Digital security specialists have found hidden backdoors within Auerswald VoIP systems. Made in Germany, these systems are intended to provide a secure means of engaging in voice calls. The hidden backdoors have the potential to be abused to provide criminals with access to VoIP devices.
How Were the Backdoors Discovered?
RedTeam Pentesting states it found the backdoors after performing a deeper dive into Auerswald services for regaining access to administrator accounts. The password tied to the privileged account is reset with an outreach to the manufacturer. The problem is that digital miscreants merely need the password for the Schandelah username to gain access to the PBX serial number. The serial number can be obtained, using an unauthenticated endpoint, setting the stage for the digital criminal to obtain access to an online interface.

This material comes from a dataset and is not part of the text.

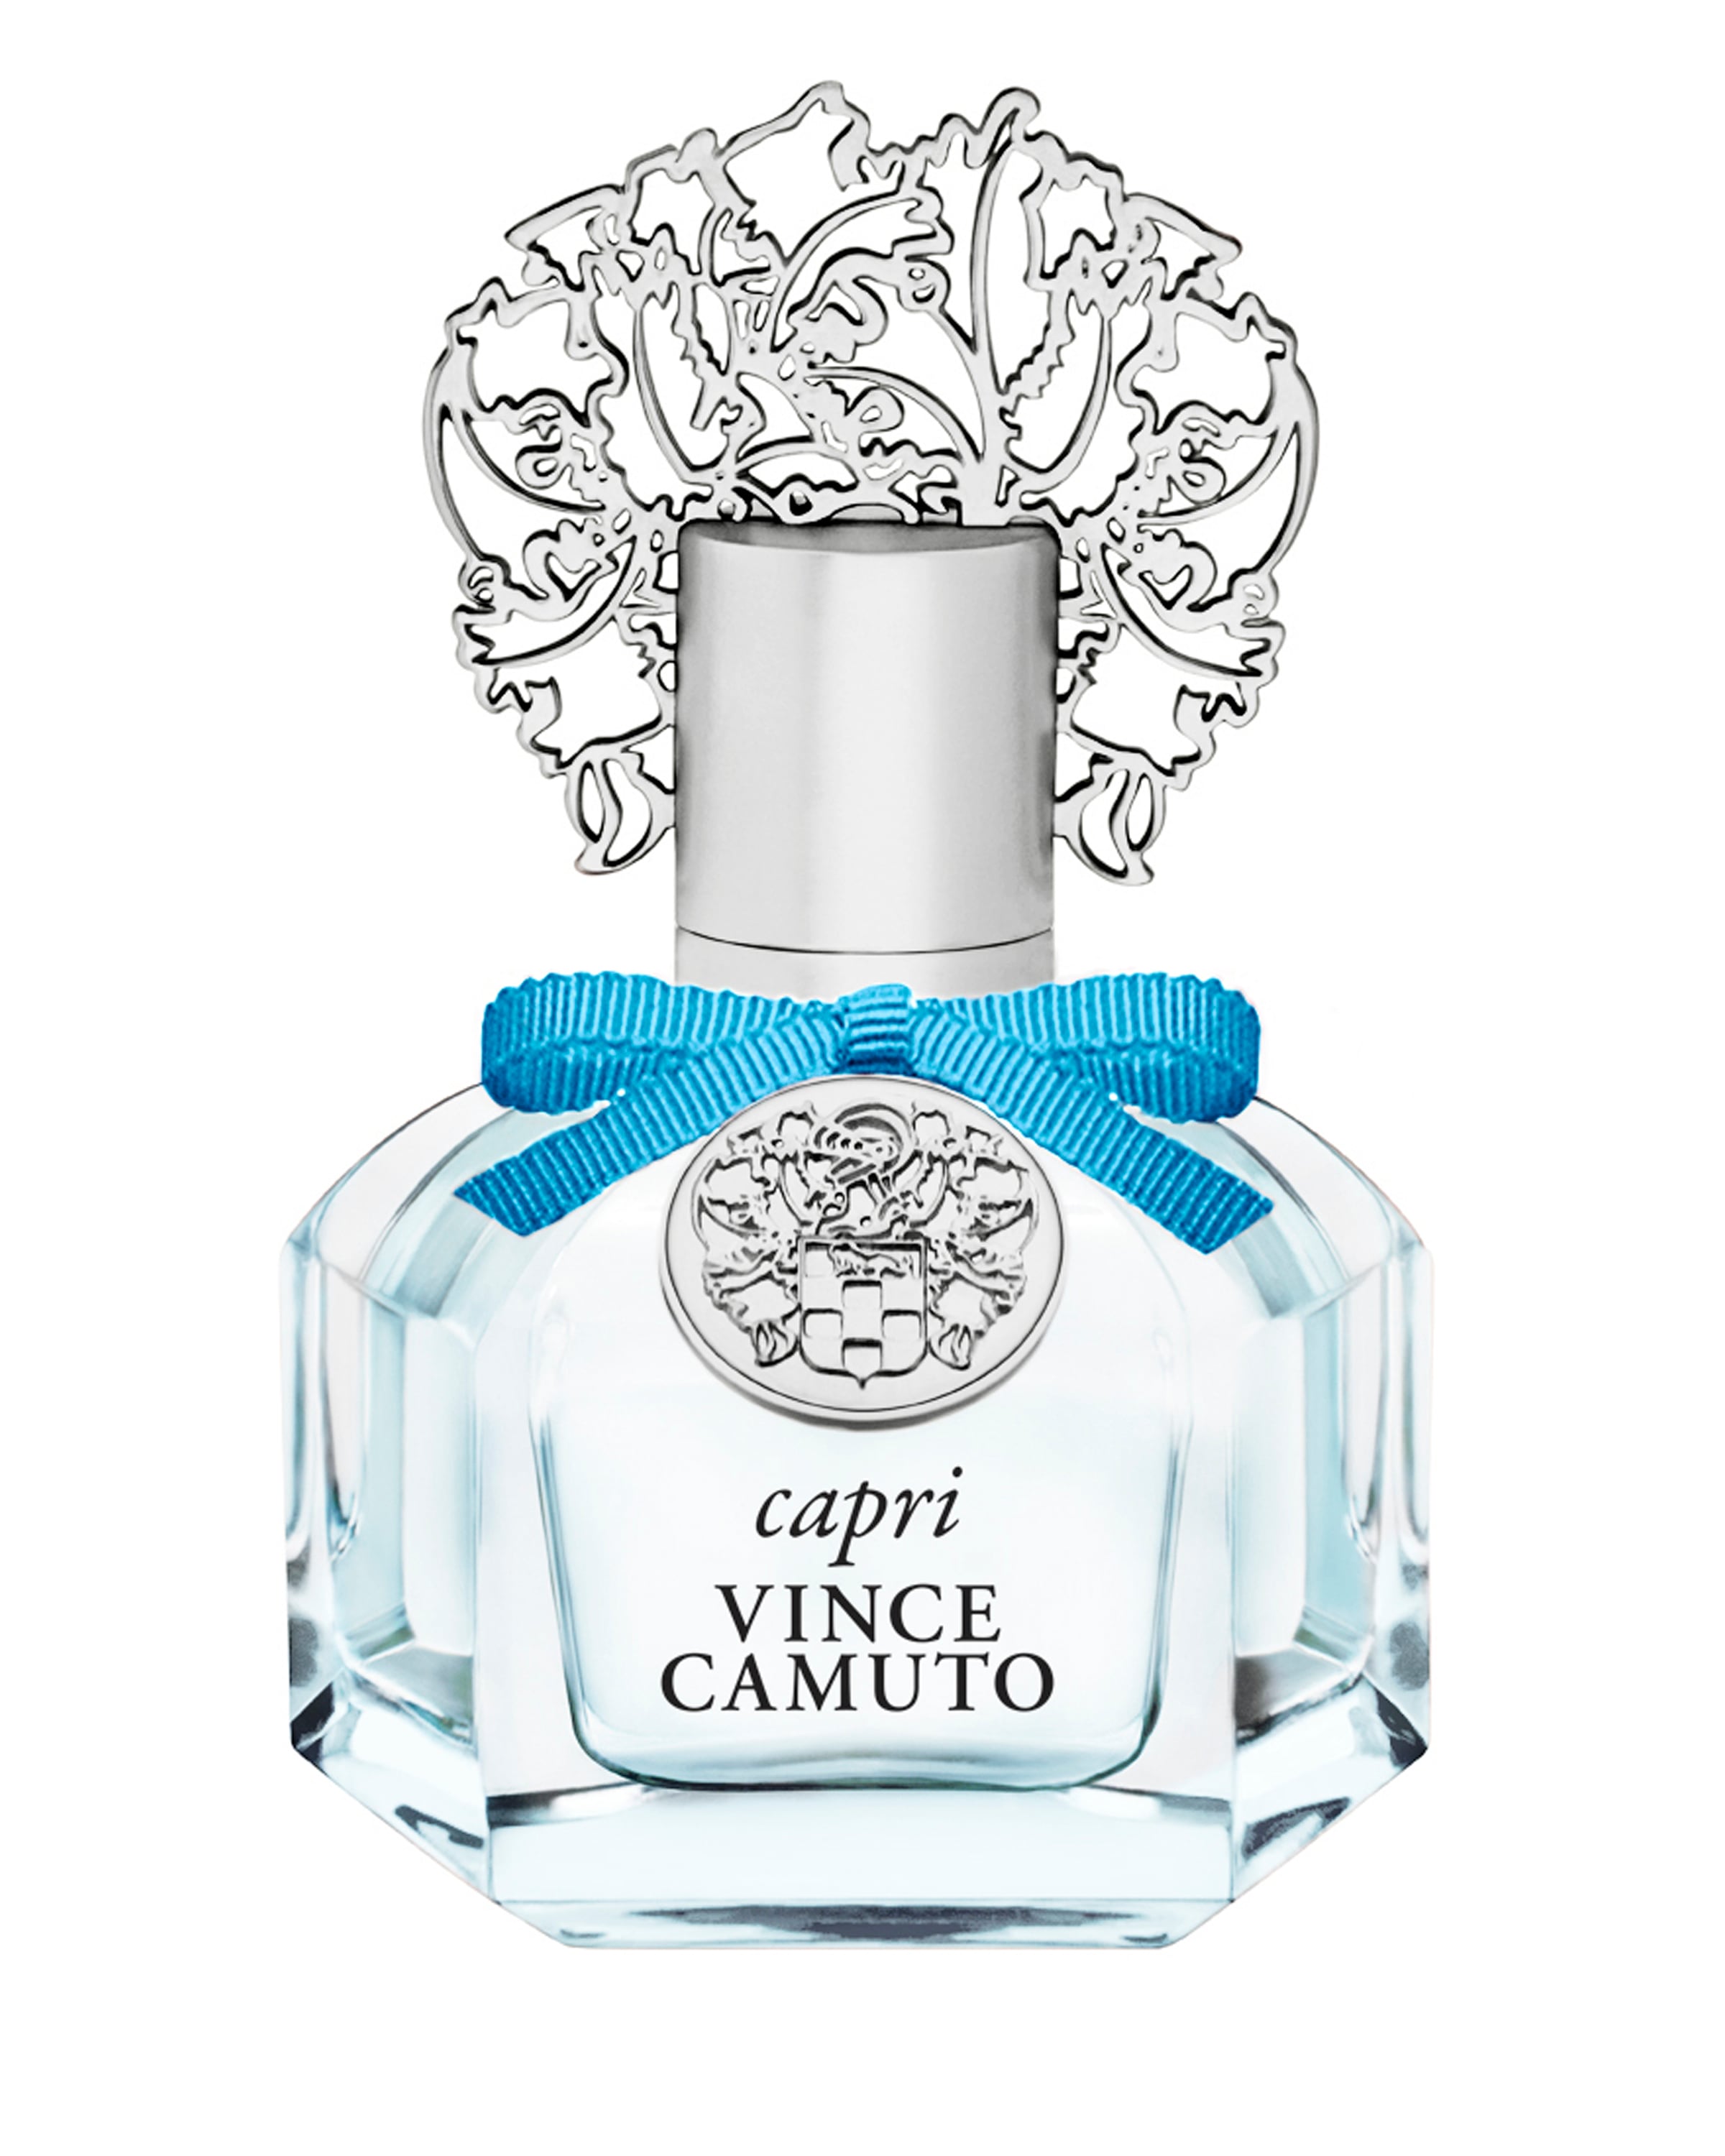 Best Vince Camuto Amore And Capri Perfume New for sale in Hillsboro, Oregon  for 2024

The administrator password is reset after the interface is accessed. The backdoor allows hackers to tap into the PBX with unrestrained access. The end result is a full compromising of the VoIP device.
The RedTeam Pentesting team also pinpointed another backdoor accessible with the “admin” username. A fallback password is used with an algorithm, yet there is no need to alter the password to obtain complete PBX access.
Why are the Backdoors a Problem?
The Auerswald VoIP backdoors are an issue as digital security professionals cannot disable them. One of the backdoors allows access to the “admin” user with the highest possible privileges. The second backdoor password is applicable to a secret unnamed user referred to with the pseudonym of Schandelah. The vulnerability is referred to as CVE-2021-40859. This vulnerability has a 9.8 critical severity rating.
What Else is Known About Schandelah?
The researchers who analyzed the VoIP secret backdoors found these web-based devices for voice interaction were configured to find the Schandelah username. This is a hard-coded username. The devices searched for Schandelah in addition to sub-admin, which the account requires for device management.
Schandelah might ring a bell with those who’ve traveled to Germany as it is the name of a small village in the northern part of the country. Schandelah is the town where Auerswald manufactures its VoIP devices.
What Role Does PBX Play in the VoIP Backdoors?
PBX is an acronym that stands for private branch exchange. This switching system creates and manages voice calls between endpoints within telecommunication systems. PBX is a component of customary phone sets, devices on VoIP networks, and public phone networks. RedTeam Pentesting found the password for the Schandelah moniker is obtained by concatenating the serial number of the PBX along with the day’s date, an “r2d2” string, and the MD5 hash algorithm.
What is Auerswald’s Response?
Auerswald addressed the secret backdoors with an update to its firmware, dubbed version 8.2B. This firmware was issued in November of ’21. The update provides security updates for users to apply even if they do not use the specialized features. It is worth noting Auerswald’s statement did not directly reference the hidden backdoors.